» TASK TO CARRY OUT
Starting at the line with "PANTONE 2439 C - Complementary Color Palette" and going on through the line with "Cachorro de golden", reproduce each line in the records below exactly and nothing more.
INPUT RECORDS START
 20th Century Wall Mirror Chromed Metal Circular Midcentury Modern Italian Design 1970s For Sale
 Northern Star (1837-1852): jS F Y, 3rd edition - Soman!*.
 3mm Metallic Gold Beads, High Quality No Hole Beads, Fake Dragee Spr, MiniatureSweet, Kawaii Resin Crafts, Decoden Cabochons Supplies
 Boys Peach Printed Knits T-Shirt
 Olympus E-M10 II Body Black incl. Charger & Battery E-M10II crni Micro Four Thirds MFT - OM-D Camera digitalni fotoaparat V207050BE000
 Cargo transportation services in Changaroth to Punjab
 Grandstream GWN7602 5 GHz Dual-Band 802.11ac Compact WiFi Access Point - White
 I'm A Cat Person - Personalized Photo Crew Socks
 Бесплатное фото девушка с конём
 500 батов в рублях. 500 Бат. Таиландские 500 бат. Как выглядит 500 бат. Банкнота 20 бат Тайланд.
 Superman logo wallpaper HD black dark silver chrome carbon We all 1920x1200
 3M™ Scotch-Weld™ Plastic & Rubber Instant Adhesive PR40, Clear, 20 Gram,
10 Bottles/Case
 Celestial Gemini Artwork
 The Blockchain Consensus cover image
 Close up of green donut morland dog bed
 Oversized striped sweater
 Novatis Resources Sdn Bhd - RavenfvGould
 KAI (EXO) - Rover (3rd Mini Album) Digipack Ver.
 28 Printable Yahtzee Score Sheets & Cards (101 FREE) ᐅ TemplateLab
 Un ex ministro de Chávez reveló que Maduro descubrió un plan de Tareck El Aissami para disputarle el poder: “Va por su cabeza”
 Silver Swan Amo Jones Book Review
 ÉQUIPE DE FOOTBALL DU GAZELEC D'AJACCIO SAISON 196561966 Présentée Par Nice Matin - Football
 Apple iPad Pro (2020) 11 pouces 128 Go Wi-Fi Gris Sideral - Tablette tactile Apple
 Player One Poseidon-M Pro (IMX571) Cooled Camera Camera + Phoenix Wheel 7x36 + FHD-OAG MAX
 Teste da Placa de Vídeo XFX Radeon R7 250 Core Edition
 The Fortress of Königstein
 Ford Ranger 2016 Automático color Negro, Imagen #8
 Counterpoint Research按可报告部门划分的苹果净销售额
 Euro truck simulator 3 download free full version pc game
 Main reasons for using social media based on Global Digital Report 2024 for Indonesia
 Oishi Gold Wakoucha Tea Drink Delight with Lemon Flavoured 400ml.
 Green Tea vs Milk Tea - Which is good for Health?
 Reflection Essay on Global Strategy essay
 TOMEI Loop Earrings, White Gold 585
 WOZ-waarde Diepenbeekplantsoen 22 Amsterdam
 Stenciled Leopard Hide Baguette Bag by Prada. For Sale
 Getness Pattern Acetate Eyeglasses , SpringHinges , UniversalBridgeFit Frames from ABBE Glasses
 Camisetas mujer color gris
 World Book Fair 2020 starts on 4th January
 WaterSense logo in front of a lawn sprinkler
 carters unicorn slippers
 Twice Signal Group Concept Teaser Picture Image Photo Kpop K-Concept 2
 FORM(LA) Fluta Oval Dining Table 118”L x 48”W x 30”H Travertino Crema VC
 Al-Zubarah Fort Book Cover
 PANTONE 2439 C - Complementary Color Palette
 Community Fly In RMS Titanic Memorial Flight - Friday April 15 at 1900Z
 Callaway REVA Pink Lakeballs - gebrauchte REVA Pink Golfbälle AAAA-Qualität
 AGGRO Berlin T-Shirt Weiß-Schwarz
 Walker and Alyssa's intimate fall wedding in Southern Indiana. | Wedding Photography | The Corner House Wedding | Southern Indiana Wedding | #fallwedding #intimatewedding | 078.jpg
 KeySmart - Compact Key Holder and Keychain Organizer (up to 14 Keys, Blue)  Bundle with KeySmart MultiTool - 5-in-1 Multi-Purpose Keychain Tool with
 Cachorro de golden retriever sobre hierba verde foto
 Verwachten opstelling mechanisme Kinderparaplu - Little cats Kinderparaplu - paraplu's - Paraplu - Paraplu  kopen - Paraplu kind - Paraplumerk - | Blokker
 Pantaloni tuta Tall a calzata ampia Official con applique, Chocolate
INPUT RECORDS END
» EXPECTED OUTPUT
 PANTONE 2439 C - Complementary Color Palette
 Community Fly In RMS Titanic Memorial Flight - Friday April 15 at 1900Z
 Callaway REVA Pink Lakeballs - gebrauchte REVA Pink Golfbälle AAAA-Qualität
 AGGRO Berlin T-Shirt Weiß-Schwarz
 Walker and Alyssa's intimate fall wedding in Southern Indiana. | Wedding Photography | The Corner House Wedding | Southern Indiana Wedding | #fallwedding #intimatewedding | 078.jpg
 KeySmart - Compact Key Holder and Keychain Organizer (up to 14 Keys, Blue)  Bundle with KeySmart MultiTool - 5-in-1 Multi-Purpose Keychain Tool with
 Cachorro de golden retriever sobre hierba verde foto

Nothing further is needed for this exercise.